Una bailarina que calqué
con papel carbónico,
porque ya me habían dado como juguete
un lápiz maravilloso.
La bailarina fue aplaudida por toda la clase
que se componía de tres personas,
lo que me hizo sentir
en el pináculo de la gloria.
Pero no fue lo mismo con el caballo.
Ciertas protuberancias
demasiado evidentes pero reconocibles
escandalizaron a alguien.
Recuerdo el rubor de ciertas caras jóvenes
que reían
escondiendo la risa detrás de un papel,
coqueto, como abanico improvisado.
Las menos jóvenes, impávidas,
controlaban la infidelidad del dibujo.
La implacable goma de borrar comenzó a destruir
la parte más importante de mi dibujo
porque era la que más
me había costado armonizar con el resto del dibujo
por ser insustituible.
Estaba a un paso de ser una niña prodigio,
el rubor me cubría la frente
pero la goma de la modestia me lo impedía.

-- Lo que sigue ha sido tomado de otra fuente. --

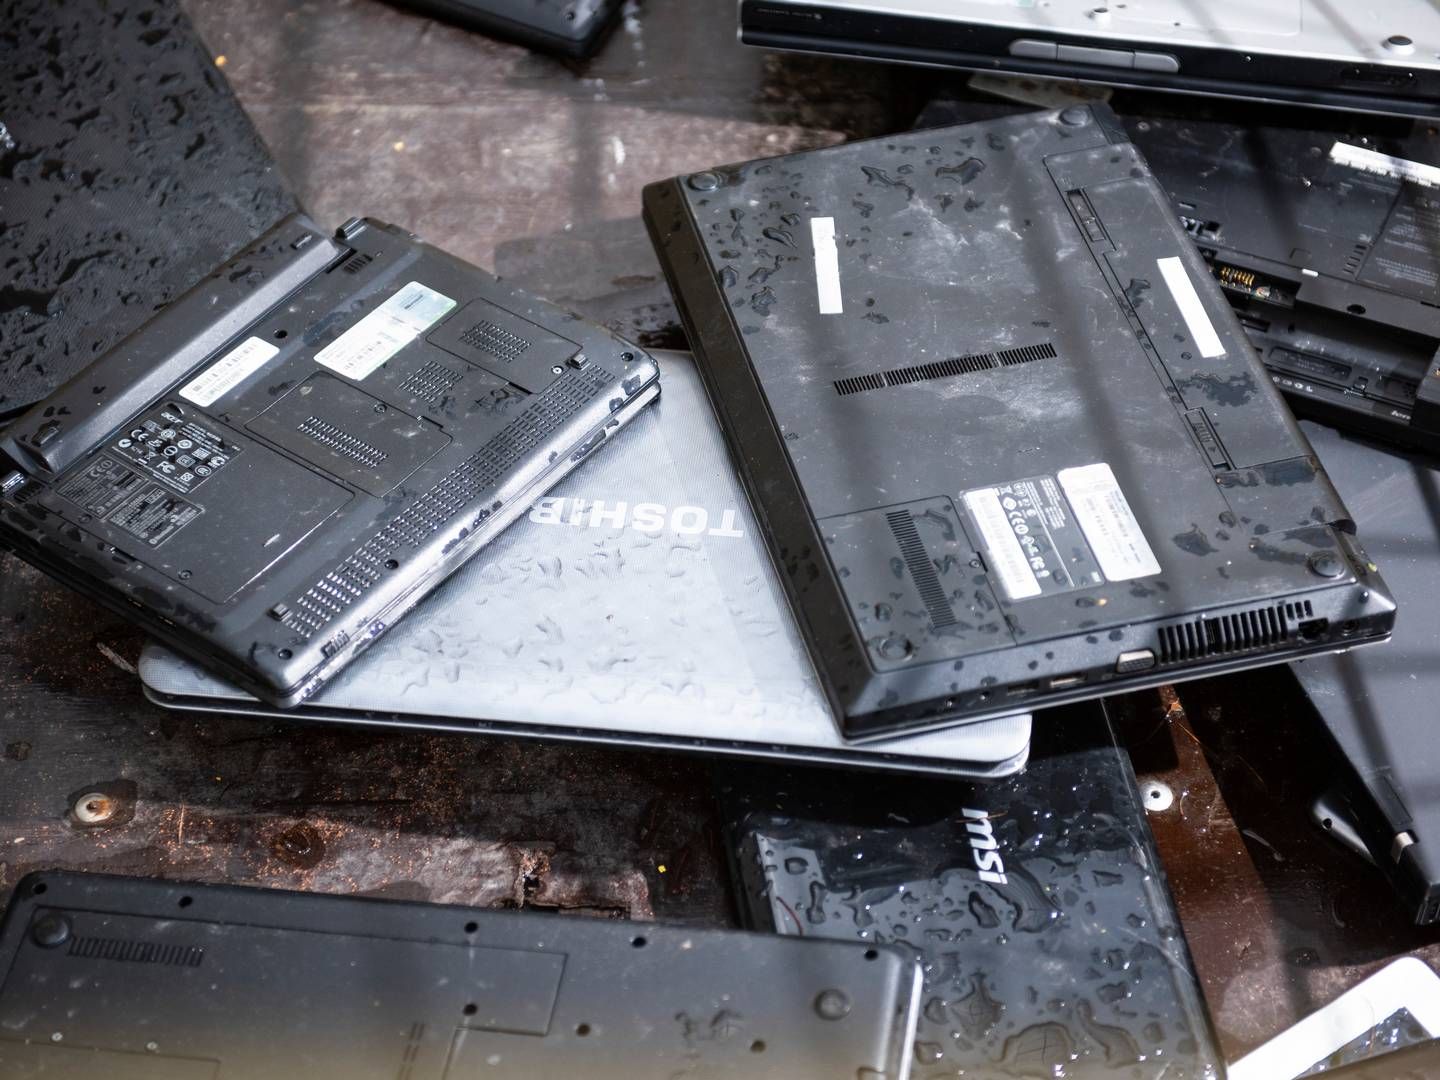 En brugt computer eller mobiltelefon behøver ikke at være færdig, bare fordi den er blevet kasseret. | Foto: Søren Vendelbo

¡Esas gomas de borrar variadas!
Entonces fue revelada la belleza
“me dio falicidad”
de esperar la pintura en un museo
que me dio la facilidad de la esperanza.
Fue en un museo que descubrí
la presencia de aquel caballo.
Entré por la escalinata de mármol
de aquella construcción tan preciosa
y me detuve frente a un caballo de mármol.
Me quedé sin moverme,
mirándolo un rato,
las personas grandes que me rodeaban
consideraron un siglo.
No me alcanzaban los ojos
para descifrar el misterio
de este caballo tan parecido
al que había dibujado aquella tarde.